◆ DATA EXTRACT:

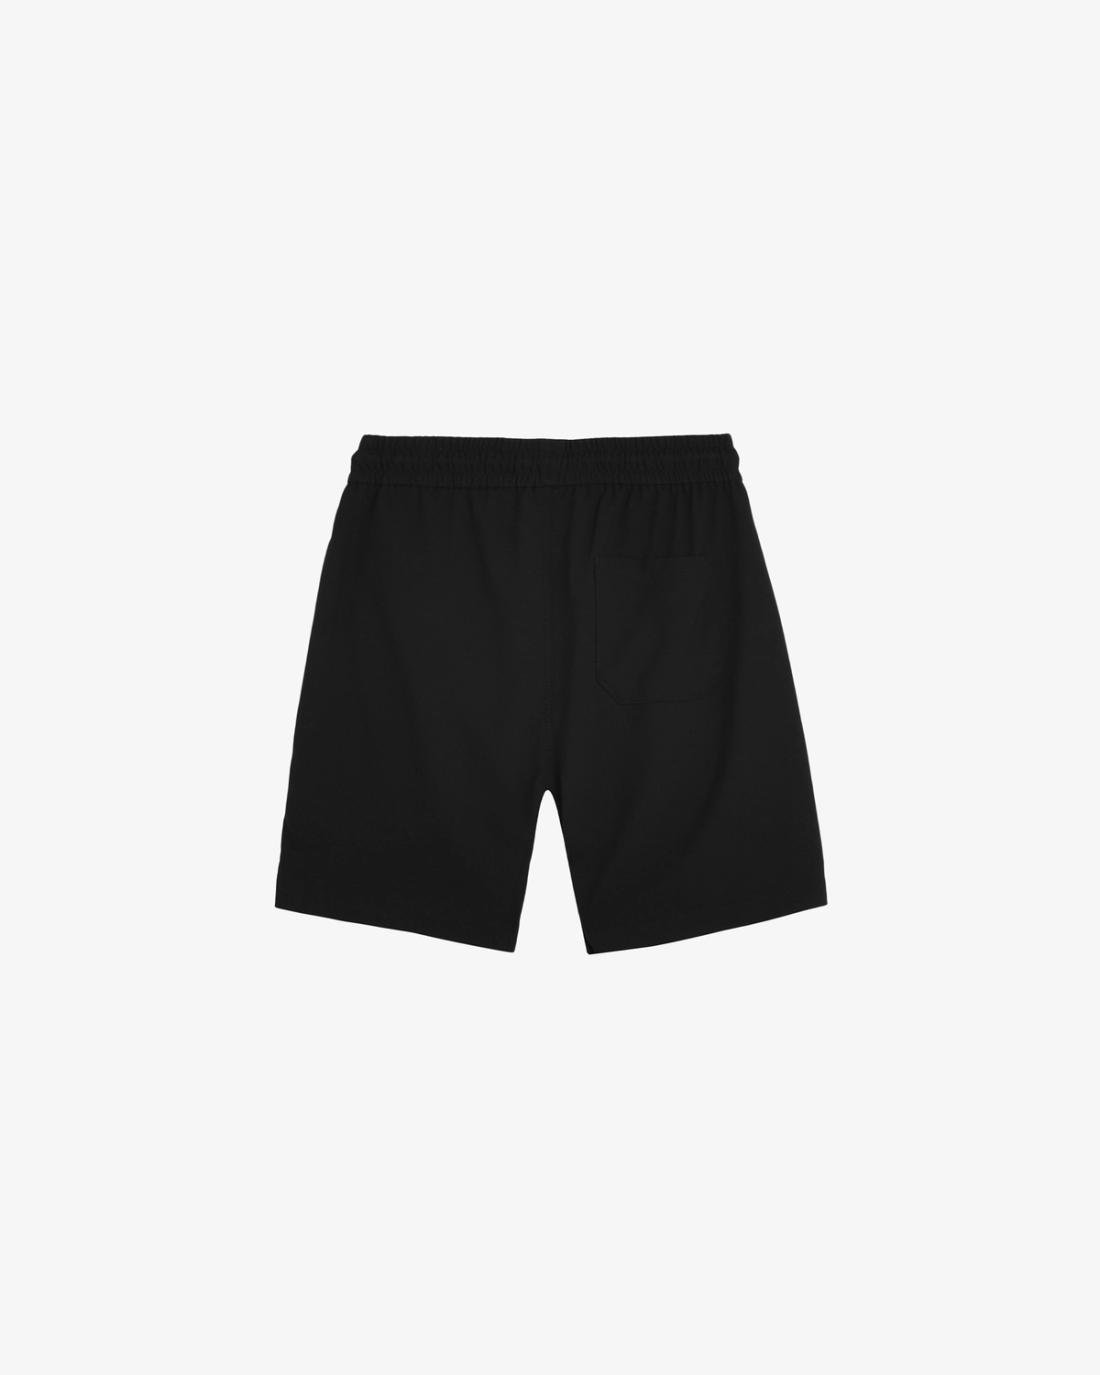 The Proper Shorts | c'est normal - Around here.
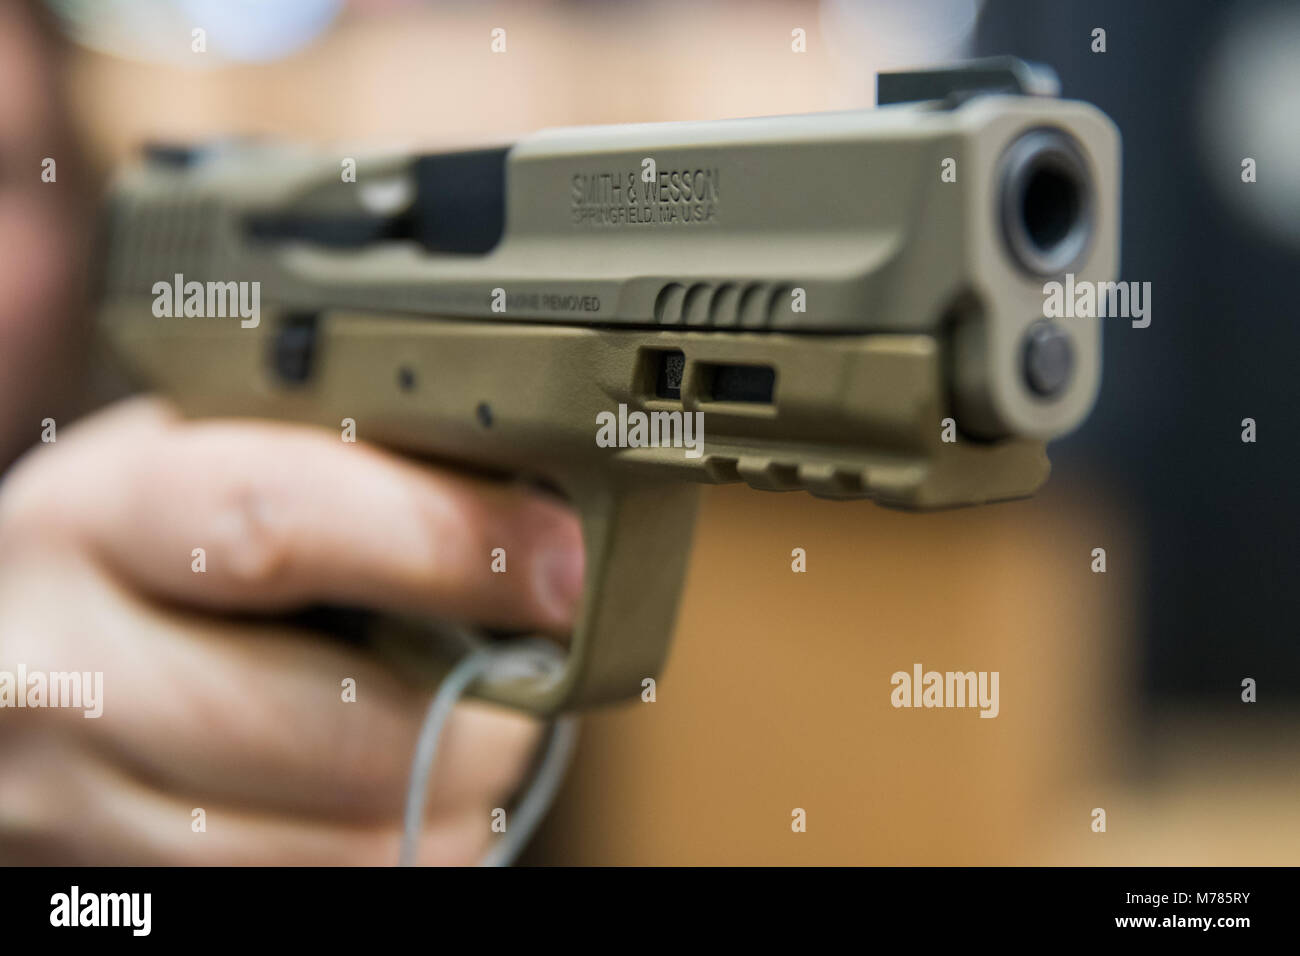 09 March 2018, Germany, Nuremberg: A woman holding a 9 millimetre handgun by the American manufacturer Smith & Wesson (S&W) at the IWA OutdoorClassics trade show for hunting, shooting sports, equipment for outdoor activities and for civilian and official security applications. Photo: Daniel Karmann/dpa Stock Photo
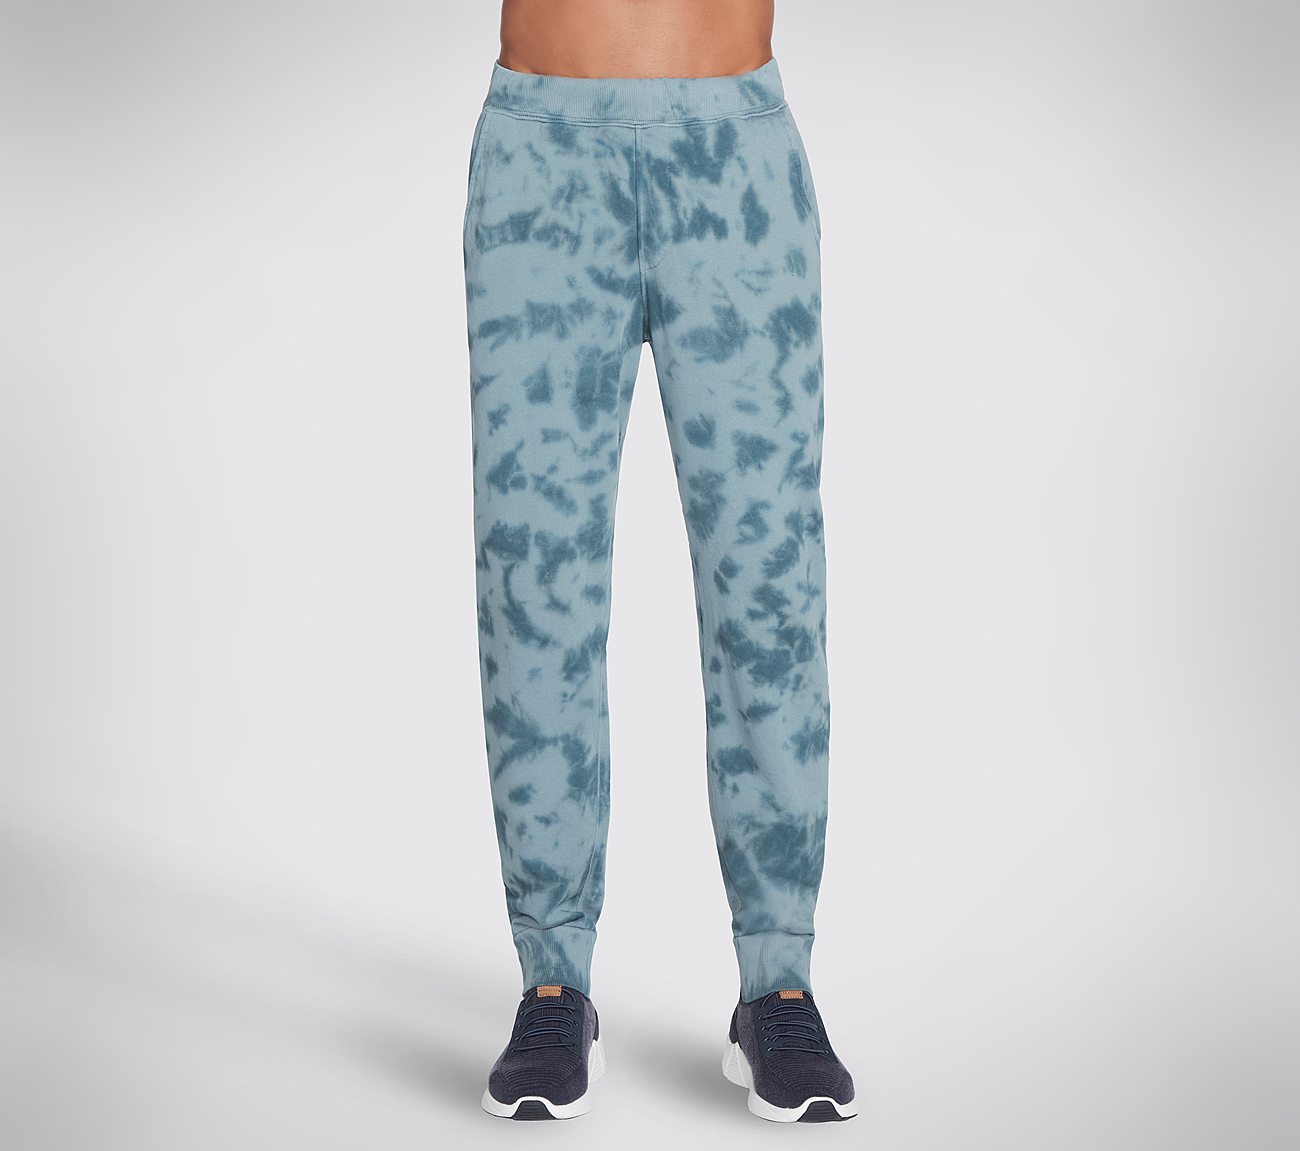 SKECHSWEATS DIAMOND DYE EXPED, BLUE/GREY Apparels Lateral View
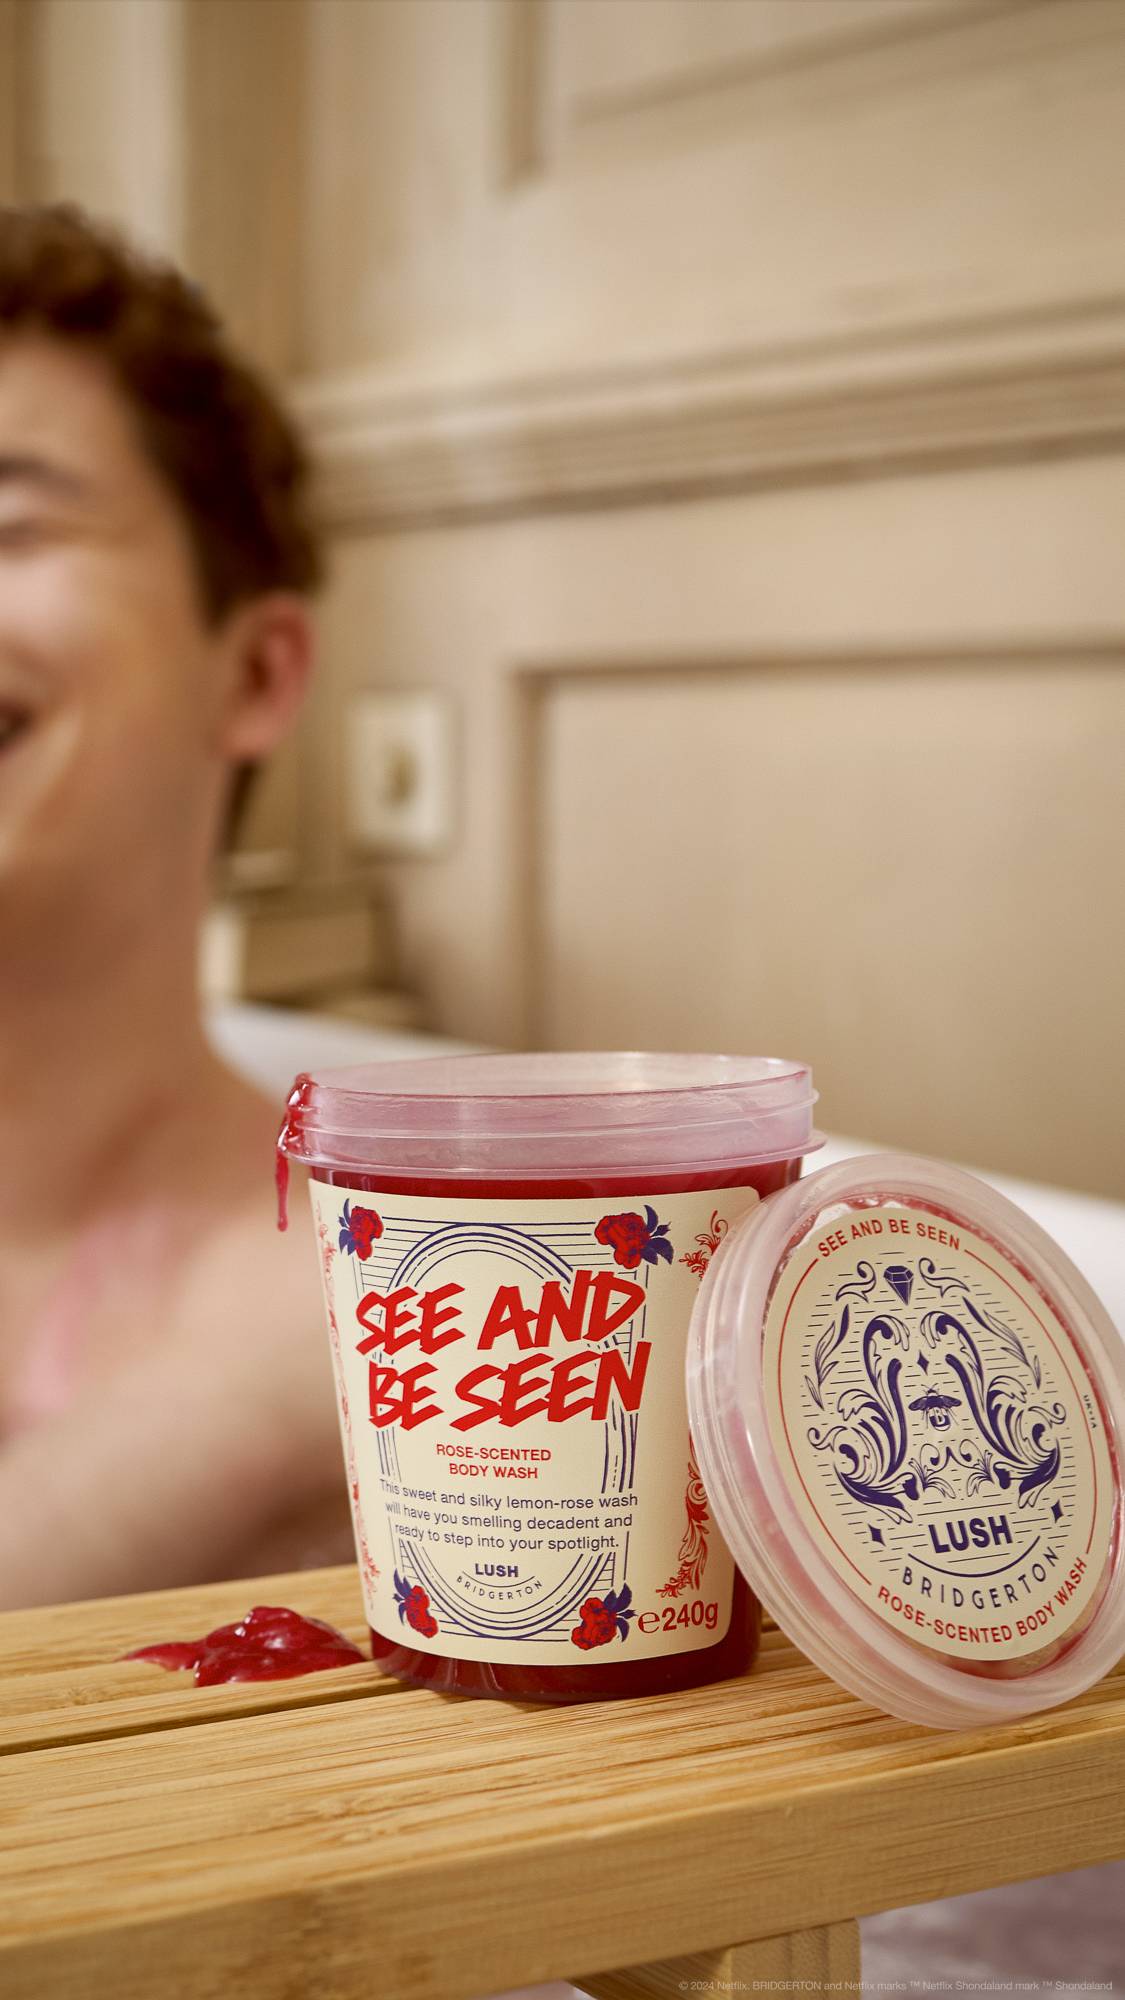 The image shows an out-of-focus model bathing in the background. The foreground focuses on the open, clear, LUSH pot of See And Be Seen body wash sitting on a wooden bath tray. Some product has been spilled.

◆ YOUR INSTRUCTIONS:
Whenever you reach a picture, pass over it; print all the other material exactly.

◆ ANSWER TO THIS PROBLEM:
 The Proper Shorts | c'est normal - Around here.
 09 March 2018, Germany, Nuremberg: A woman holding a 9 millimetre handgun by the American manufacturer Smith & Wesson (S&W) at the IWA OutdoorClassics trade show for hunting, shooting sports, equipment for outdoor activities and for civilian and official security applications. Photo: Daniel Karmann/dpa Stock Photo
 SKECHSWEATS DIAMOND DYE EXPED, BLUE/GREY Apparels Lateral View
 The image shows an out-of-focus model bathing in the background. The foreground focuses on the open, clear, LUSH pot of See And Be Seen body wash sitting on a wooden bath tray. Some product has been spilled.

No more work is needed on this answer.